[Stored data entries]
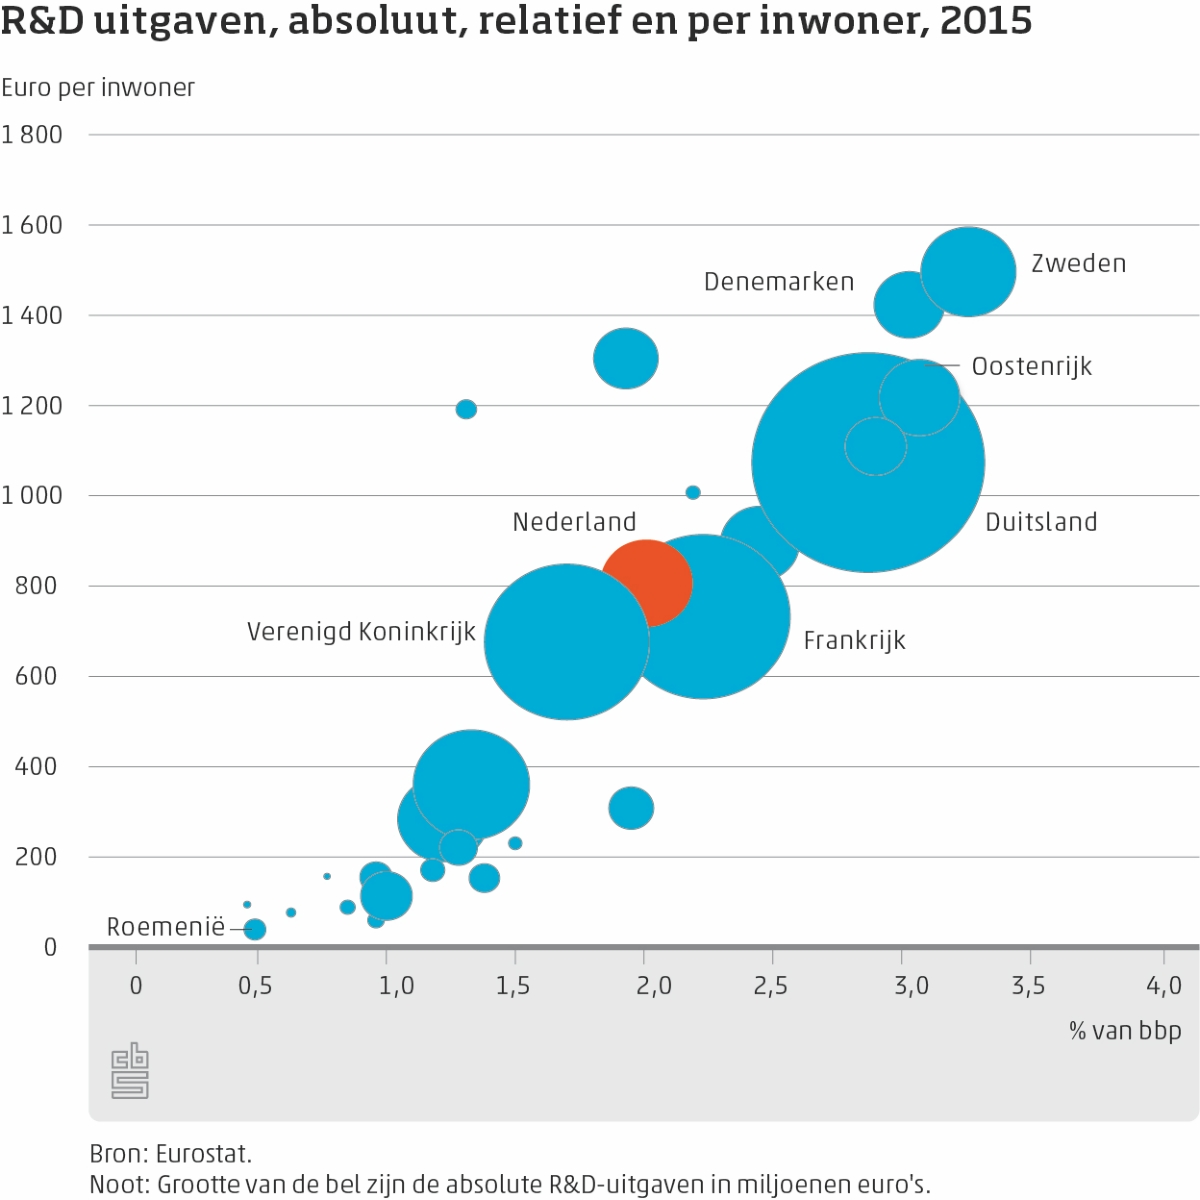 R&D uitgaven per inwoner landen europa
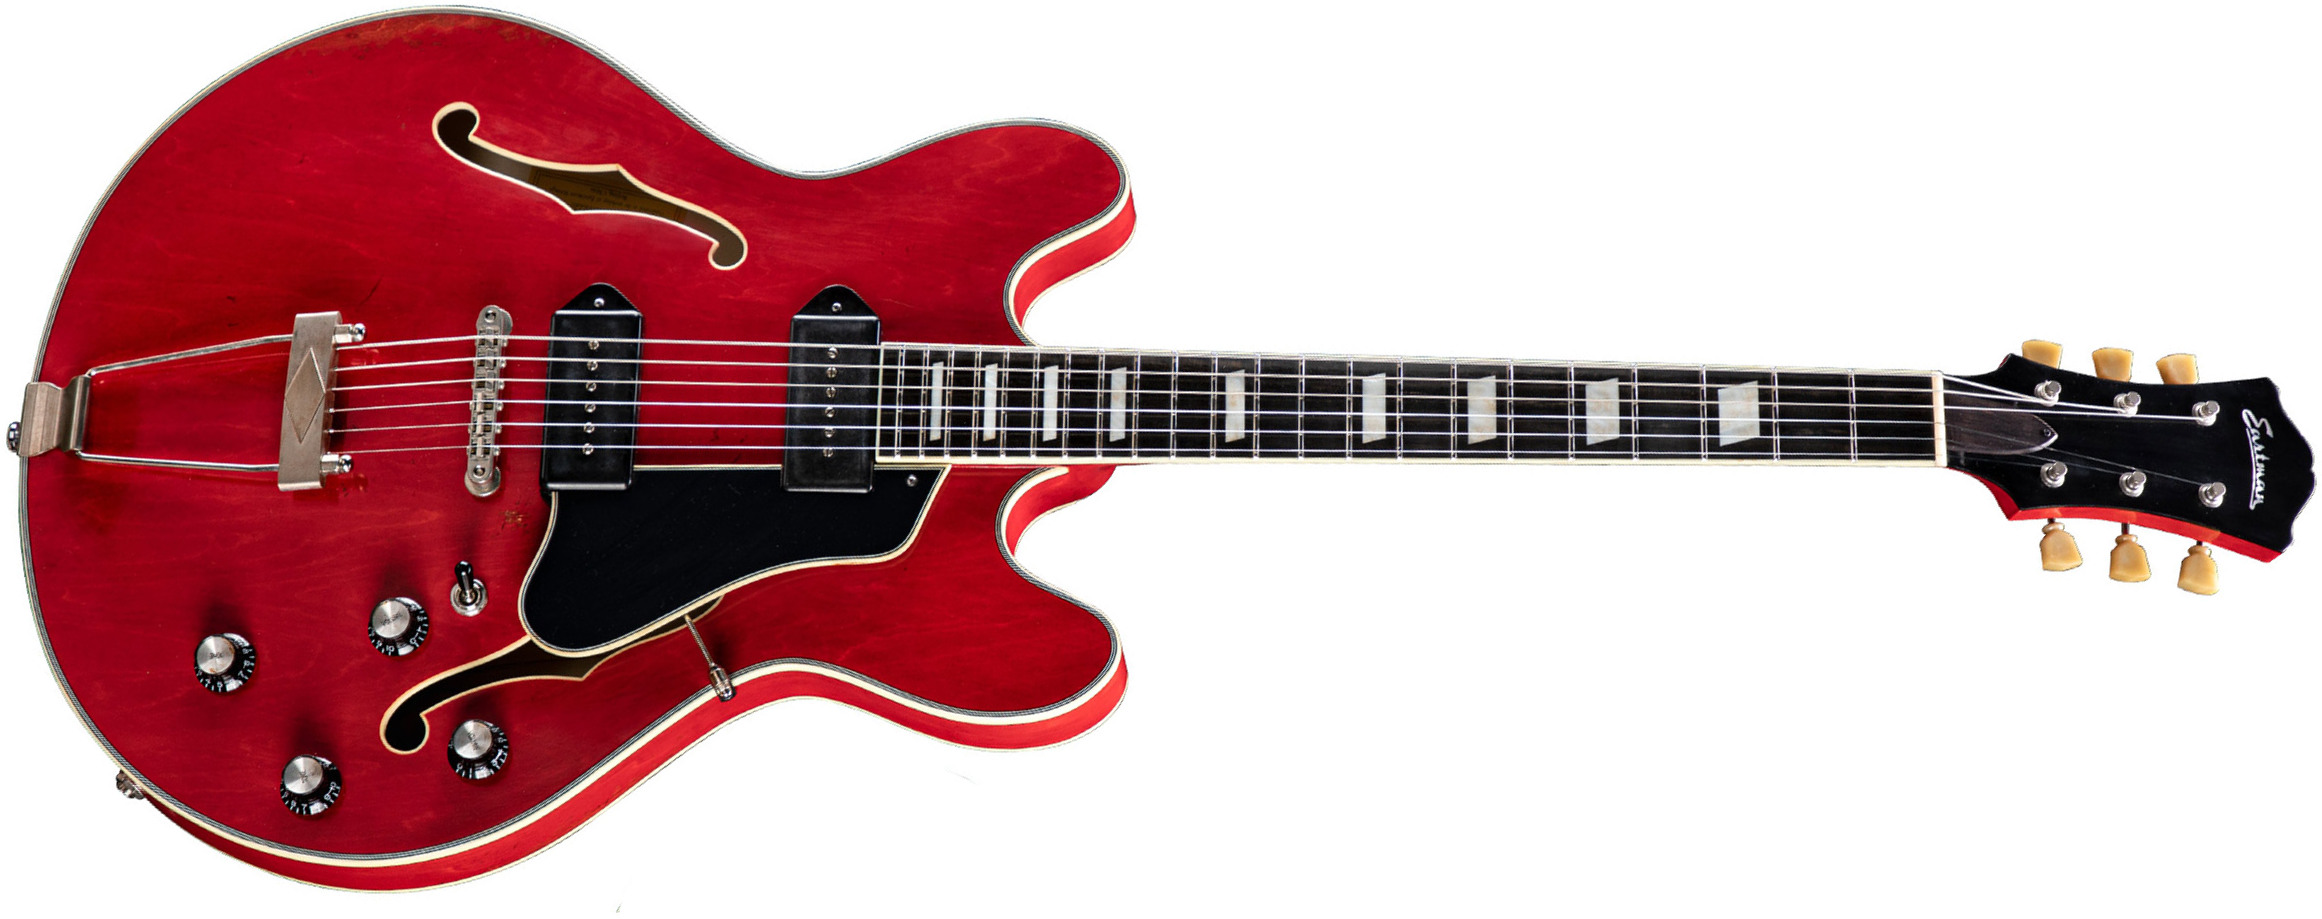 Eastman T64/v Thinline Laminate Tout Erable 2p90 Lollar Ht Eb - Antique Red - Semi-Hollow E-Gitarre - Main picture
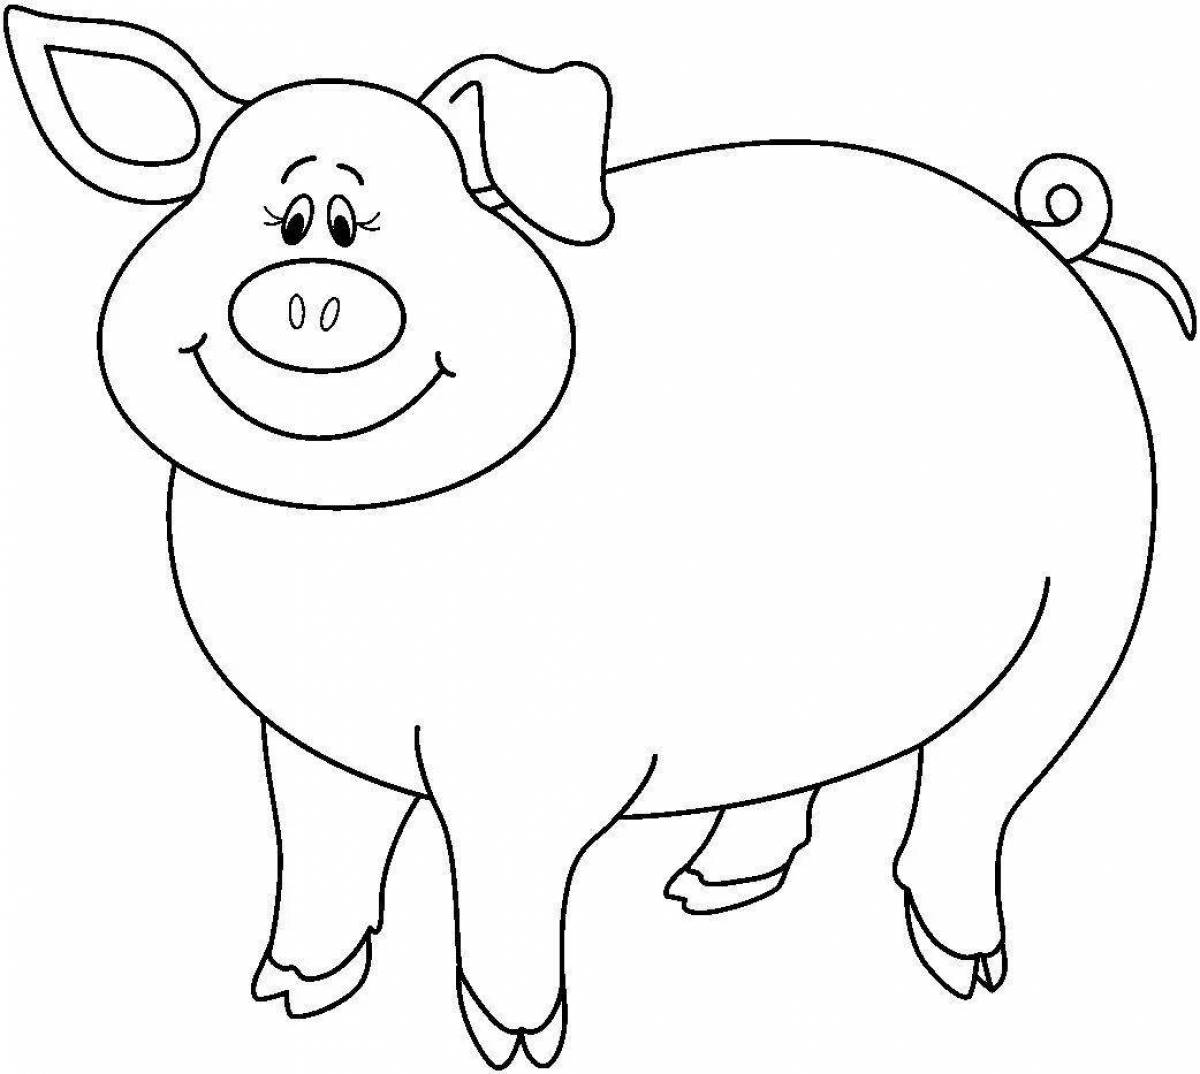 Joyful pig coloring for kids
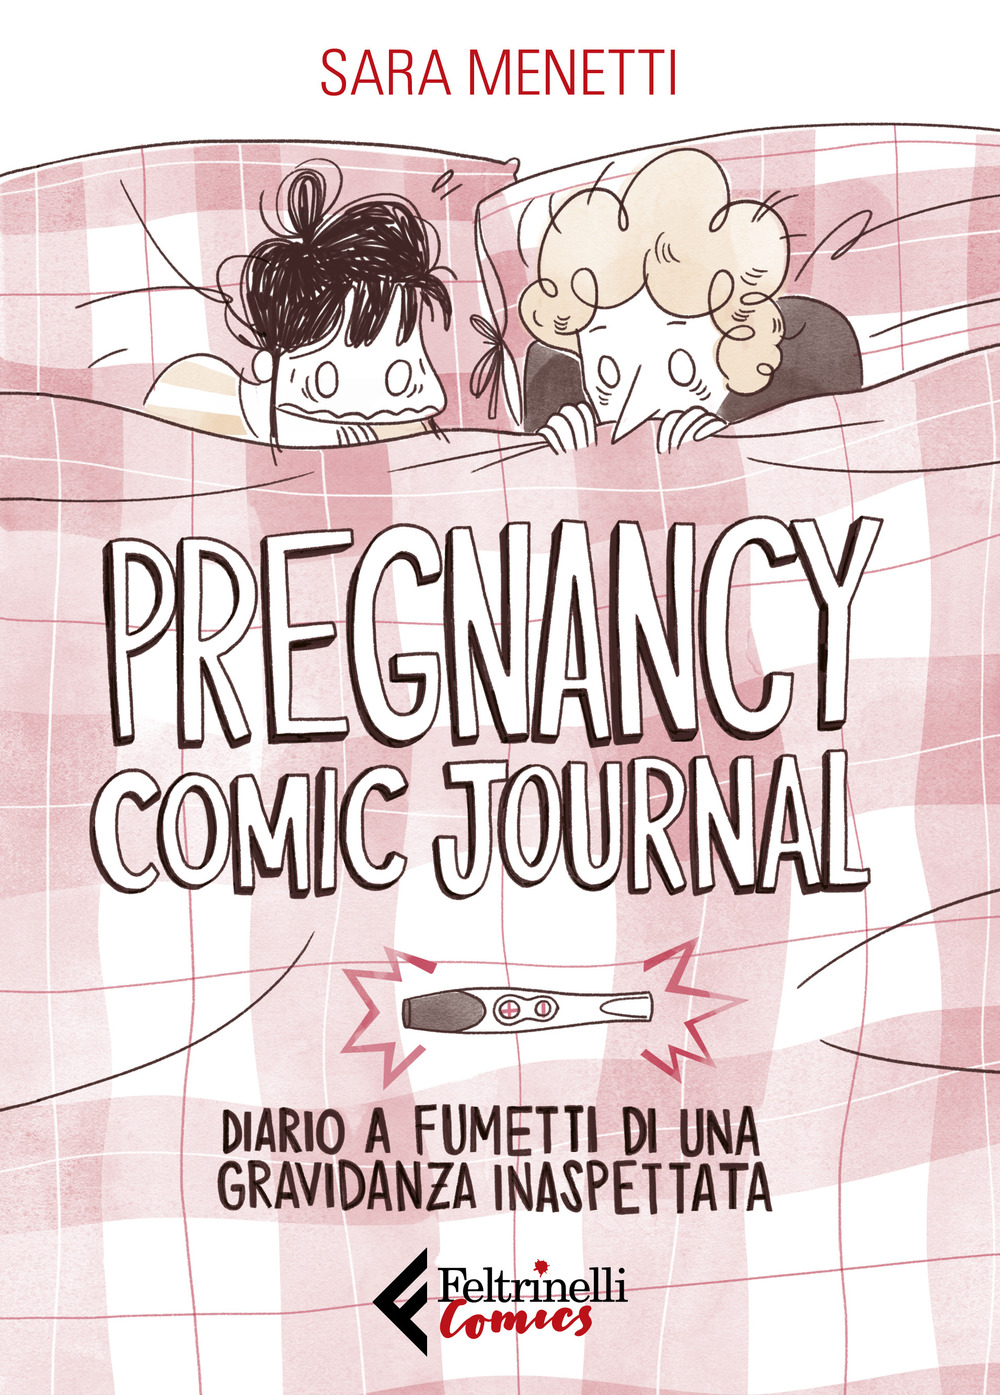 Libri Menetti Sara - Pregnancy Comic Journal. Diario A Fumetti Di Una Gravidanza Inaspettata NUOVO SIGILLATO, EDIZIONE DEL 20/02/2020 SUBITO DISPONIBILE
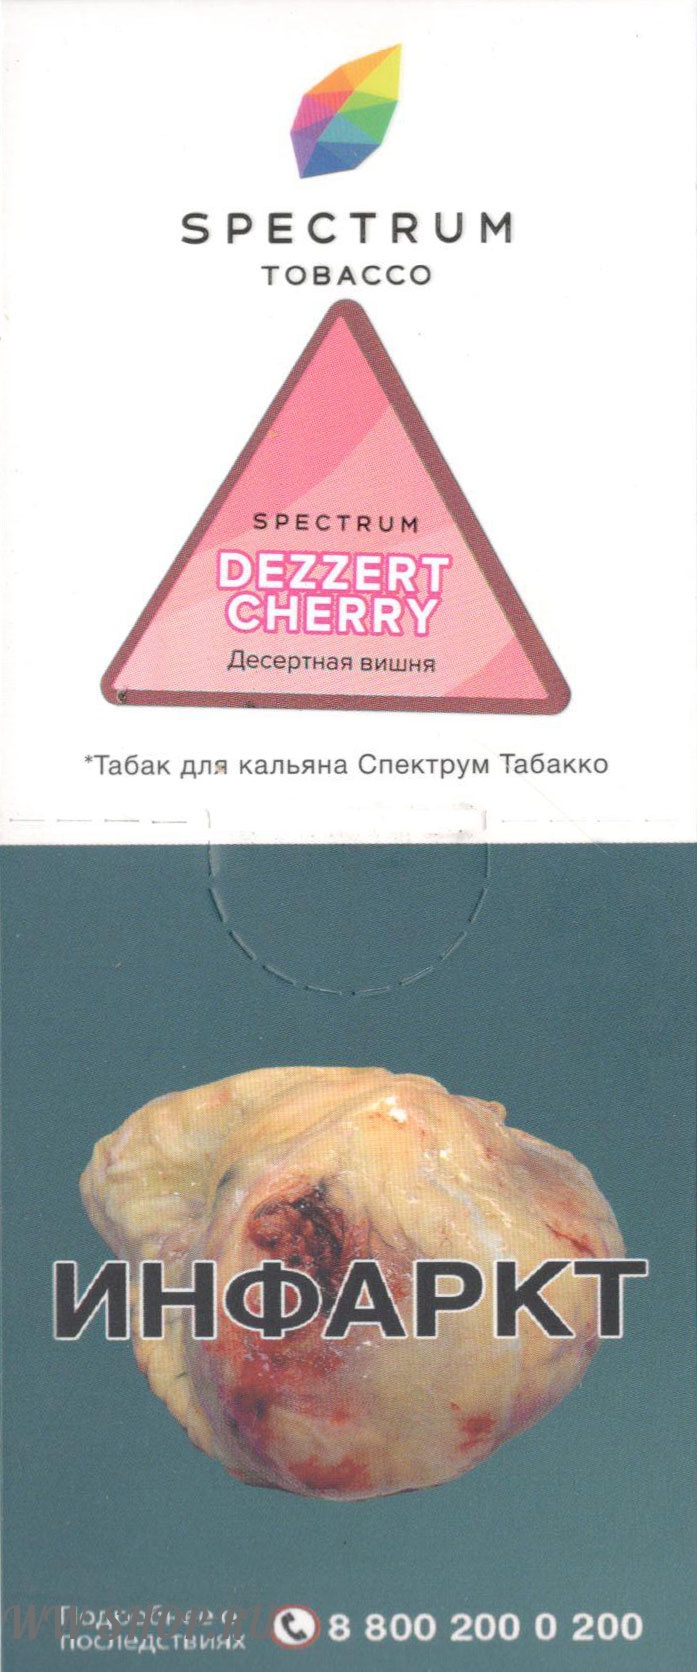 spectrum- десертная вишня (dezzert cherry) Волгоград
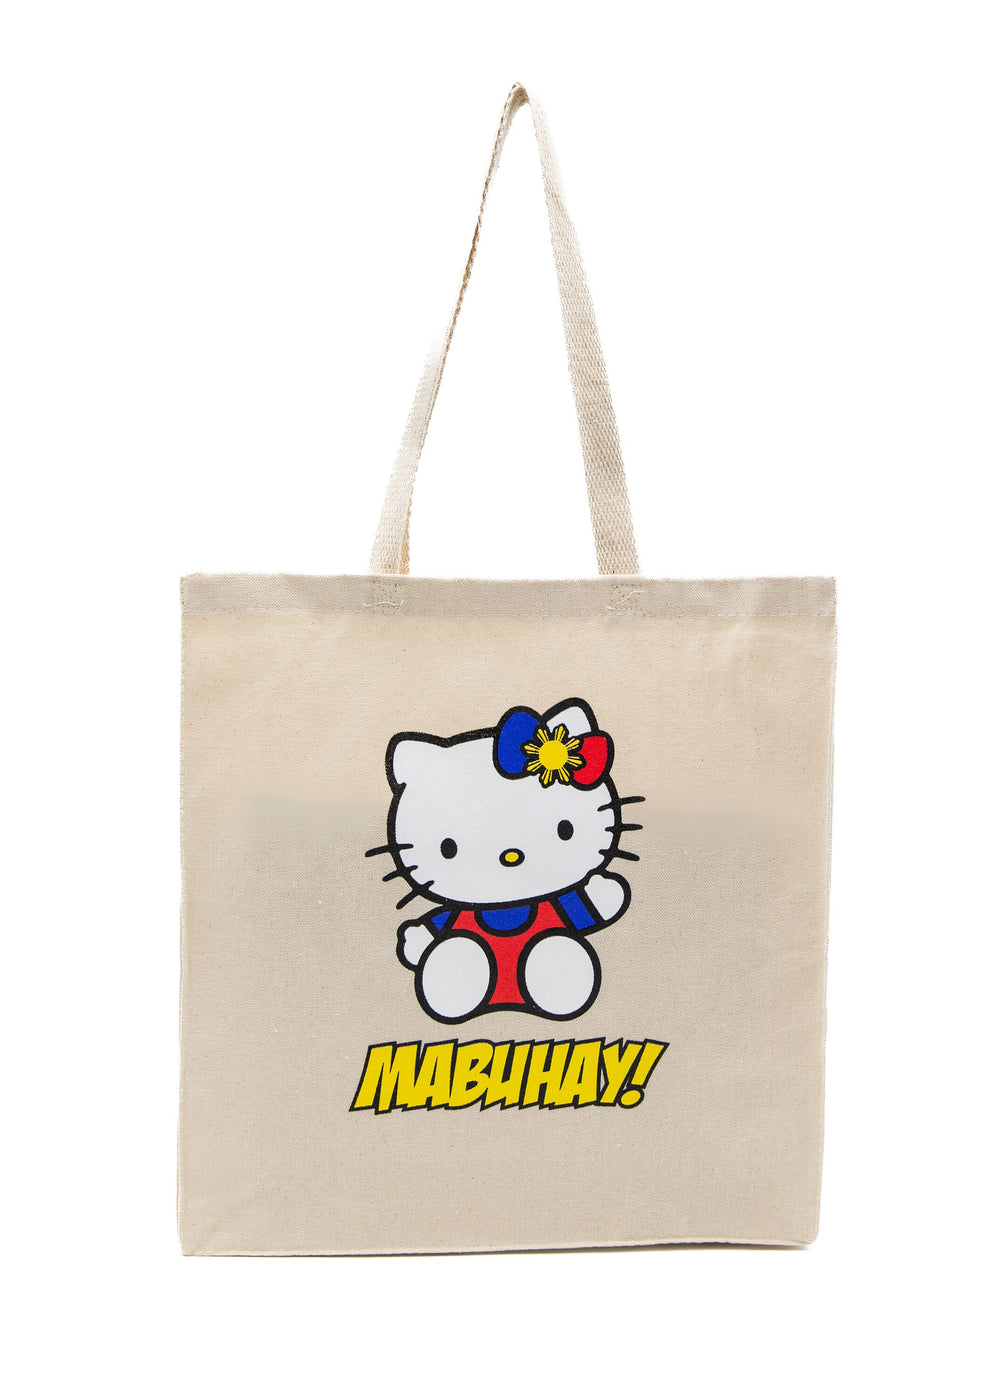 Mabuhay Hello Kitty Tote Bag, Filipino Tote Bags, Filipina, Shopping Bag, 14x15 Tote Bag, Natural

• **THE TASK**: Without the pictures, give all the records above again exactly.

• **FINAL ANSWER**:
 R&D uitgaven per inwoner landen europa
 Eastman T64/v Thinline Laminate Tout Erable 2p90 Lollar Ht Eb - Antique Red - Semi-Hollow E-Gitarre - Main picture
 Joyful pig coloring for kids
 Libri Menetti Sara - Pregnancy Comic Journal. Diario A Fumetti Di Una Gravidanza Inaspettata NUOVO SIGILLATO, EDIZIONE DEL 20/02/2020 SUBITO DISPONIBILE
 spectrum- десертная вишня (dezzert cherry) Волгоград
 Mabuhay Hello Kitty Tote Bag, Filipino Tote Bags, Filipina, Shopping Bag, 14x15 Tote Bag, Natural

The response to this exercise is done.